I. Stage of the neural tube. The central and peripheral parts of the human nervous system develop from a single embryonic source - the ectoderm. During the development of the embryo, it is laid in the form of the so-called neural plate. The neural plate consists of a group of tall, rapidly proliferating cells. In the third week of development, the neural plate plunges into the underlying tissue and takes the form of a groove, the edges of which rise above the ectoderm in the form of neural folds. As the embryo grows, the neural groove elongates and reaches the caudal end of the embryo. On the 19th day, the process of closing the ridges over the groove begins, resulting in the formation of a long tube - the neural tube. It is located under the surface of the ectoderm separately from it. The cells of the neural folds are redistributed into one layer, resulting in the formation of the ganglionic plate. All the nerve nodes of the somatic peripheral and autonomic nervous system are formed from it. By the 24th day of development, the tube closes in the head part, and a day later, in the caudal part. The cells of the neural tube are called medulloblasts. The cells of the ganglion plate are called ganglioblasts. Medulloblasts then give rise to neuroblasts and spongioblasts. Neuroblasts differ from neurons in their significantly smaller size, lack of dendrites, synaptic connections, and Nissl substance in the cytoplasm.
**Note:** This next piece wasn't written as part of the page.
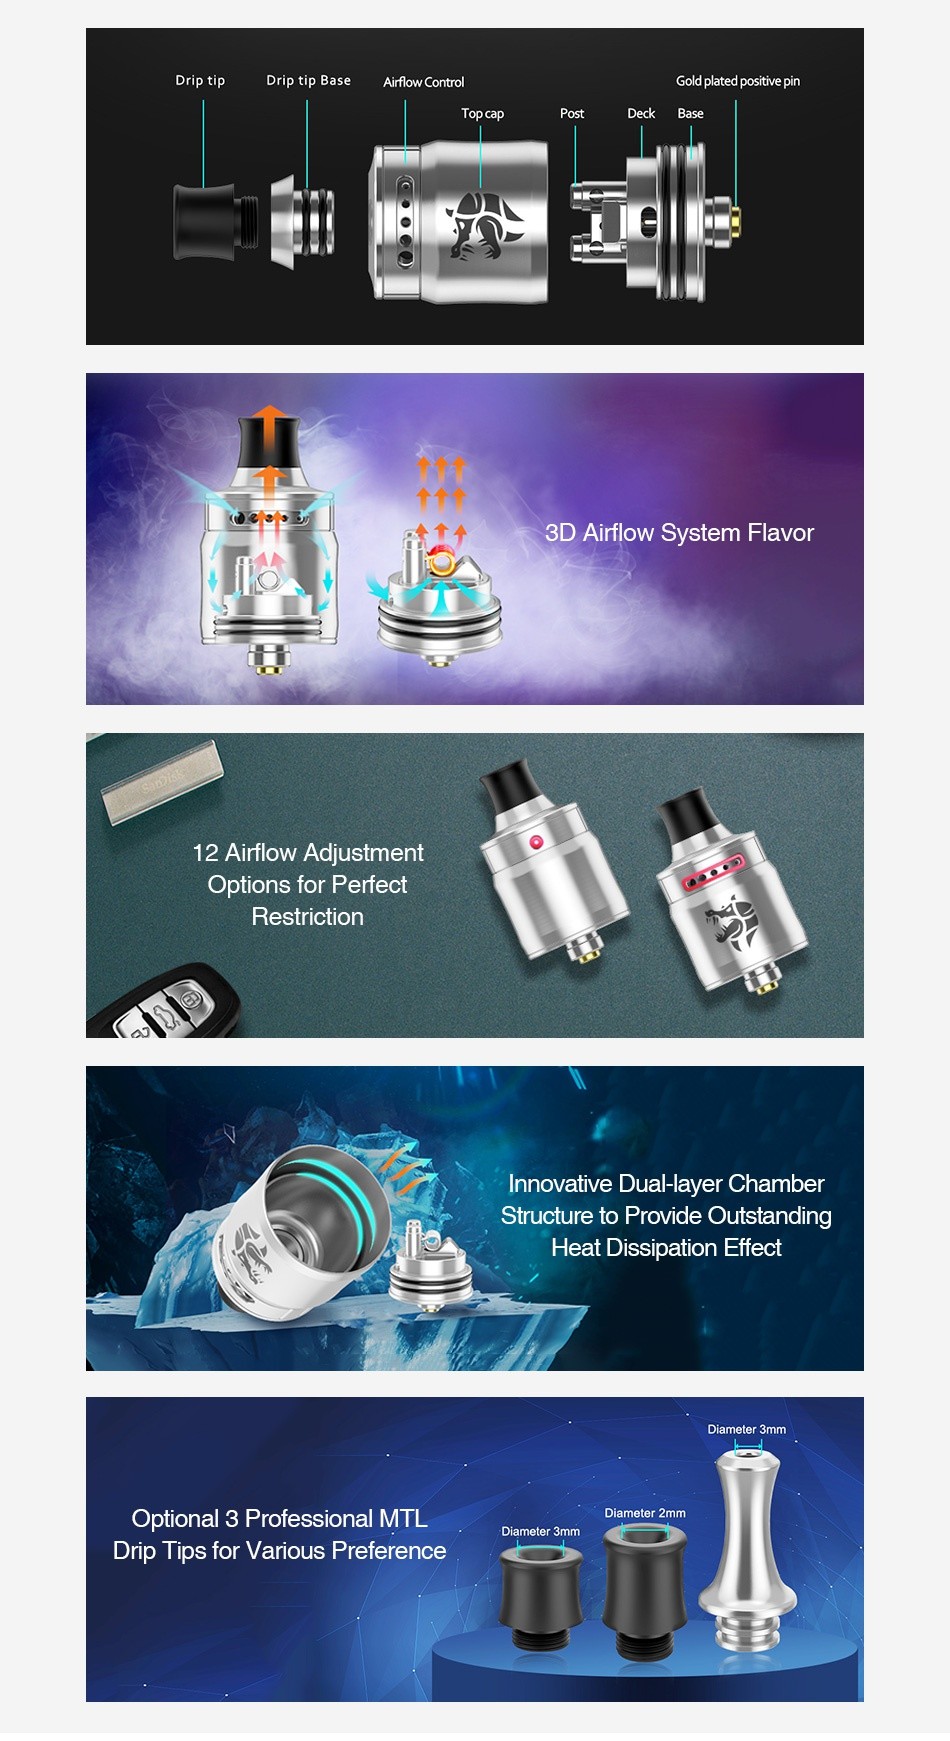 GeekVape Ammit MTL RDA Drip tip B Top cap     3D Airflow System Flavor 12 Airflow Adjustment Options for Perfect Restriction Innovative Dual layer Chamber Structure to Provide Outstanding Heat Dissipation Effect Diameter 3mm Optional 3 Professional MTL Diameter 3mm Drip Tips for Various Preference

II. Brain bubble stage. At the head end of the neural tube, after its closure, three extensions are very quickly formed - the primary cerebral vesicles. The cavities of the primary cerebral vesicles are preserved in the brain of a child and an adult in a modified form, forming the ventricles of the brain and the Sylvian aqueduct. There are two stages of brain bubbles: the three bubble stage and the five bubble stage.

III. The stage of formation of brain regions. First, the anterior, middle and rhomboid brain are formed. Then, the hindbrain and medulla oblongata are formed from the rhomboid brain, and the telencephalon and diencephalon are formed from the anterior. The telencephalon includes two hemispheres and part of the basal ganglia.